Я с грустью думал, что взрослые, возможно, и друг друга-то плохо понимают, и невольно сравнивал своего отца с отцом Луиджи. Тот, если встретит кого-то, непременно потом подробнейшим образом доложит и объяснит все жене и детям. В доме у Луиджи не могло быть и речи о взаимной враждебности или скрытности, потому что у всех у них что на уме, то и на языке: они даже невинные маленькие секреты друг от друга по большей части не способны хранить. Я всем своим существом чувствовал, что у отца и Агнес есть от меня тайна, притом отнюдь не невинная. Возможно, я и раньше что-то такое подозревал, только не сознавал этого. Маленький человечек был итальянец, но, похоже, дело тут было не только во мне и в моем здоровье. Точнее сказать, у меня было ощущение, что в этом случае отец руководствовался чем-то иным, а не обычной заботой обо мне.
Я мог бы отмахнуться от этого эпизода и постараться забыть его, убедив себя, что все это мне почудилось, если б не был уверен, что Агнес напугало появление этого человека. И если б они оба вели себя после этого так же, как прежде. Но что они оба переменились, мне не почудилось. И потом, этот неожиданный отъезд… Как бегство.
XII
— Ты все понял шиворот-навыворот.
Вздрогнув, я очнулся от раздумий и увидел, что терраска заполнена народом. За соседним столиком расположились молодые люди — три девушки и три парня моего возраста. Компания была шумная, неряшливо одетая, девушки с растрепанными волосами, в каких-то немыслимых шортах. Они болтали на плохом французском. Ничуть не привлекательная группа, и тем не менее мне вдруг страшно захотелось быть с ними, быть обыкновенным и молодым, немножко глупым и веселым, как они.
Рядом с ними я вдруг почувствовал себя глубоким старцем. Сидит такой вот старый хрыч и ломает себе голову, вместо того чтобы развлекаться.

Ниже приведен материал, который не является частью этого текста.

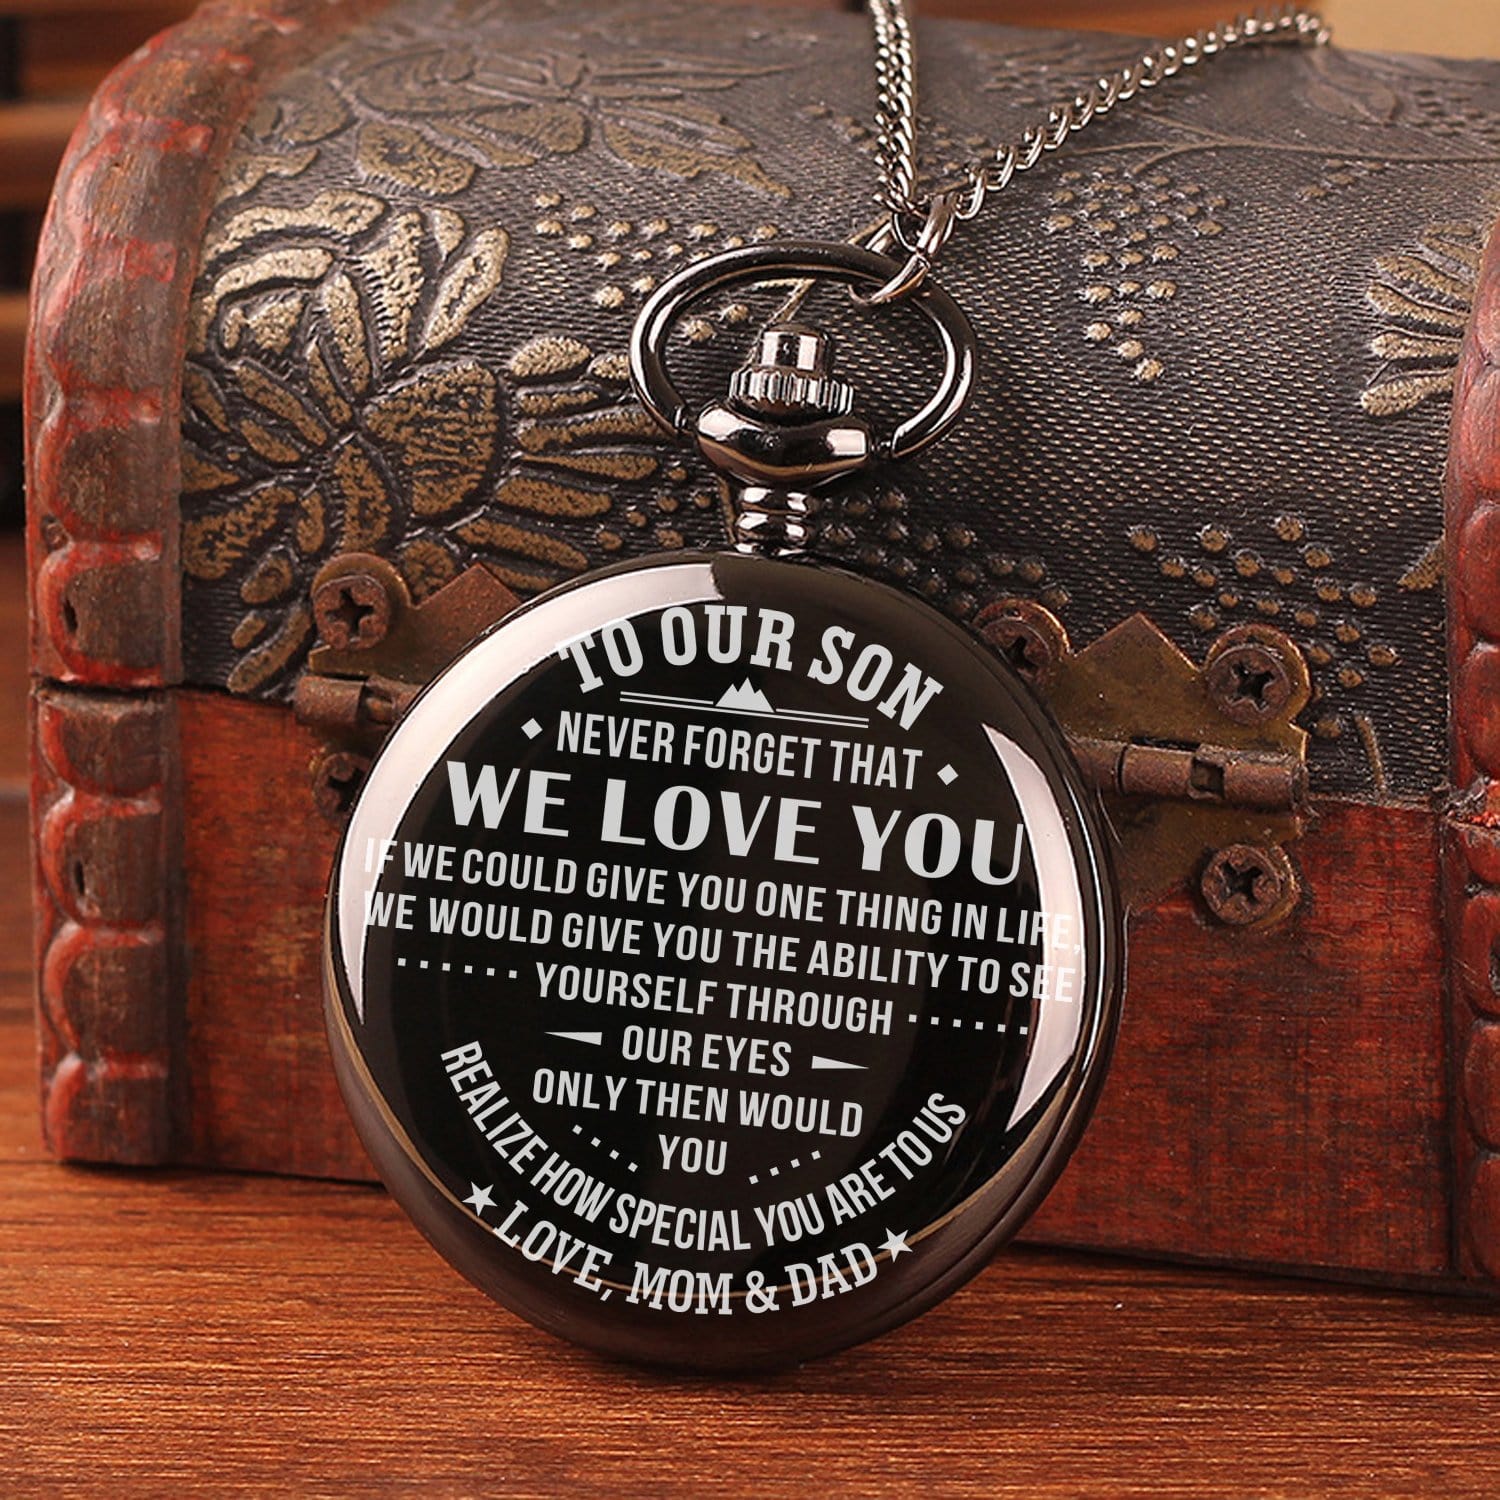 Pocket Watches To Our Son - You Realize How Special You Are To Us Pocket Watch GiveMe-Gifts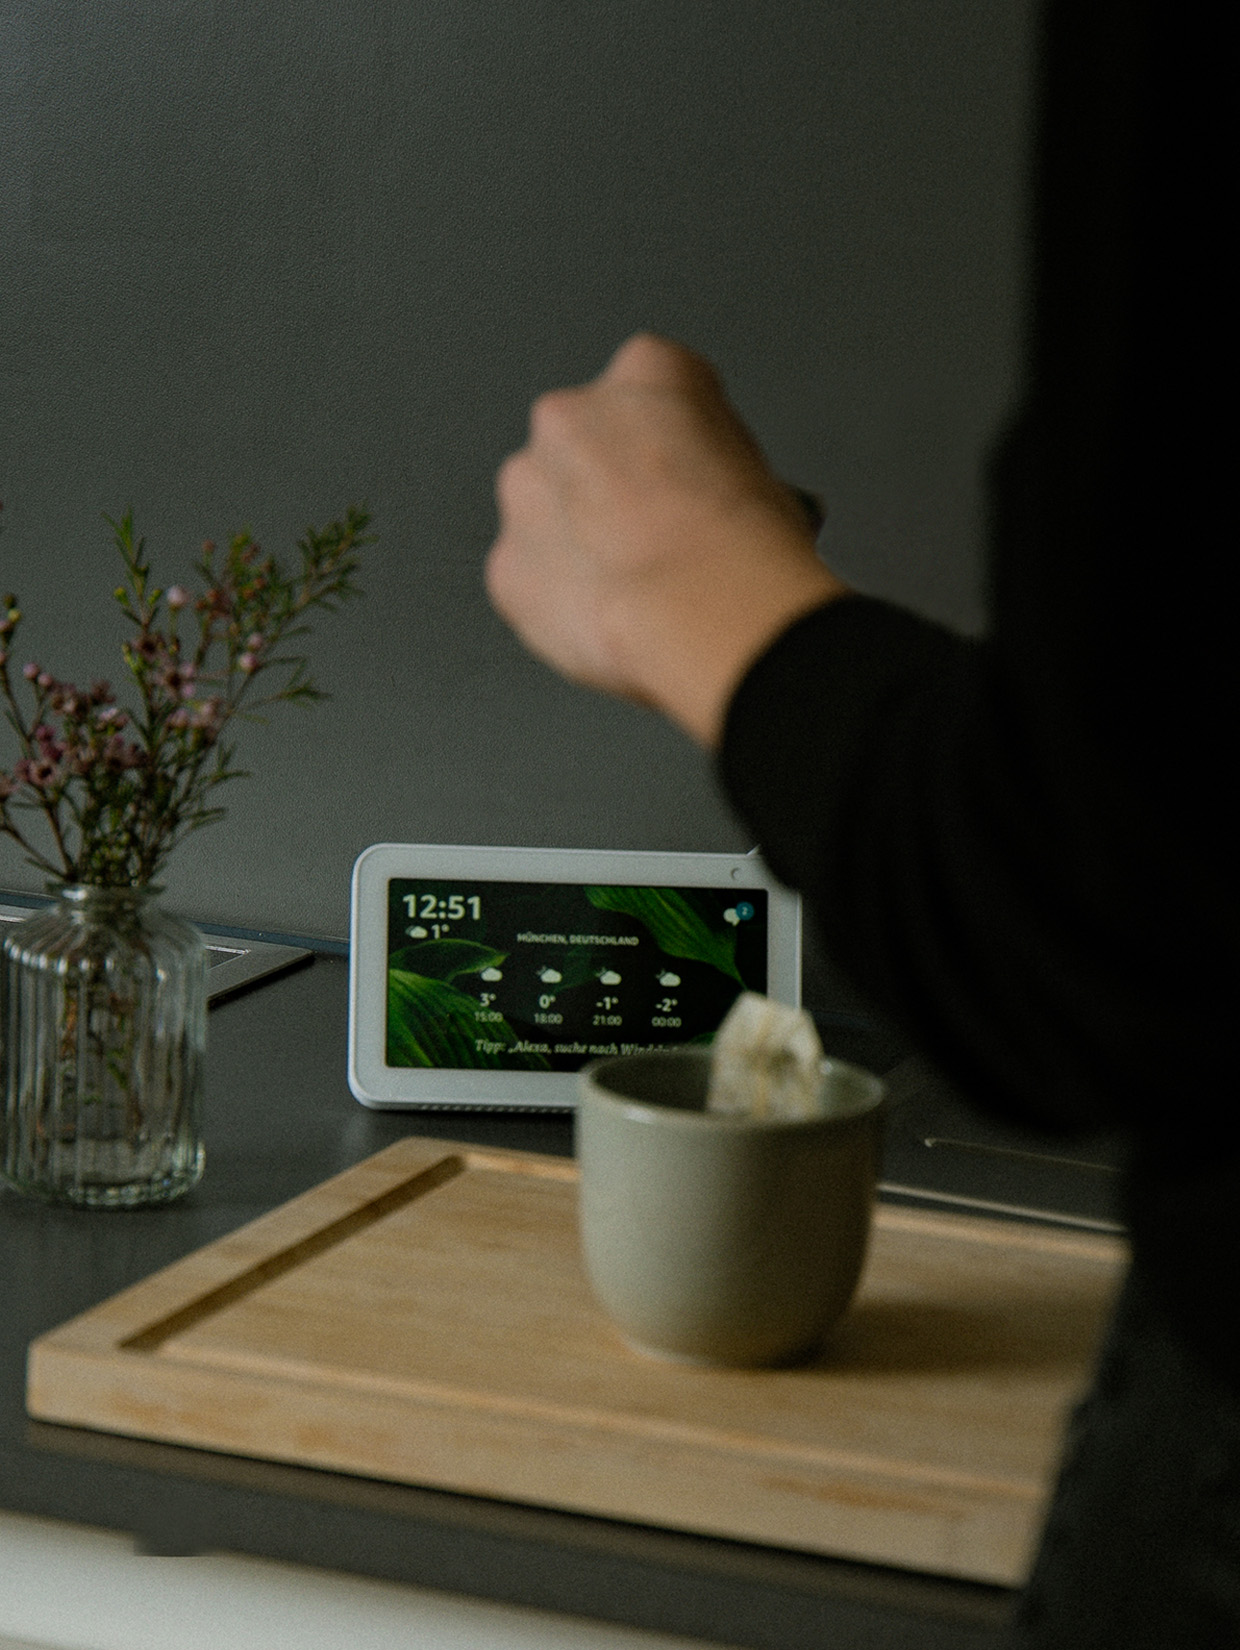 VUI.agency – Voice development – Amazon Alexa Voice Assitant, Echo show, placed on a table with person making tea and asking for the weather

Ту фразу выкрикнул толстяк. Ее встретили громогласным хохотом. Похоже, они его дразнили. Но на меня его слова произвели глубочайшее впечатление. Такой прекрасный ответ на все мучившие меня вопросы, на все ужасные предположения, которые я так долго глушил в себе. Предположения, которые я даже мысленно не решался сформулировать.
Все понято шиворот-навыворот.
Может, я действительно все воспринимал превратно, поэтому совершенно безобидные мелочи вызвали у меня этот кошмар, из которого я потом пытался делать выводы. Во мне вспыхнула дикая надежда. Конечно, именно так все и было! У меня слишком богатая фантазия! Вероятно, и я в самом деле чересчур впечатлителен. До сих пор! Слова, услышанные в тот день в Париже, не прошли для меня даром, и в этом кроется причина моего недоверия к родителям. Смешно! Столько неприятностей из-за глупых выдумок, основанных почти на пустом месте. Встреча, которая моему отцу была не совсем приятна. Ладно, а дальше что? Испуг Агнес? Может быть, просто досада, оттого что отец попал в затруднительное положение и его хорошее настроение было испорчено. Только и всего. Да еще этот фильм. Вернее, рассказ про фильм. В конце-то концов все сводится к этому?
Я расплатился, встал и поплелся к гостинице, изо всех сил стараясь поддержать искорку надежды в своей душе… Самое лучшее было бы больше не думать вовсе, но это невозможно. От одного воспоминания я не мог отделаться — от разговора с Луиджи насчет того фильма.
Это было спустя два месяца. К тому времени я постарался эпизод в Авиньоне забыть, во всяком случае выбросить из головы. Возможно, мне постепенно удалось бы уверить себя, что это происшествие не имело никакого значения. Обычная родительская забота о моем благополучии.
Тут-то Луиджи и рассказал мне про фильм. Назывался он «Шантаж».
Я живо помню, как возбужденно Луиджи пересказывал мне содержание. В такие минуты он здорово смахивал на первоклашку. В чем-то он такой и есть, несмотря на раннее развитие и все его любовные приключения. Эта детскость есть у них у всех — у Луиджи, его родителей, его сестер. Может, именно поэтому я так их любил и сам чувствовал себя у них моложе и веселее, чем когда был дома.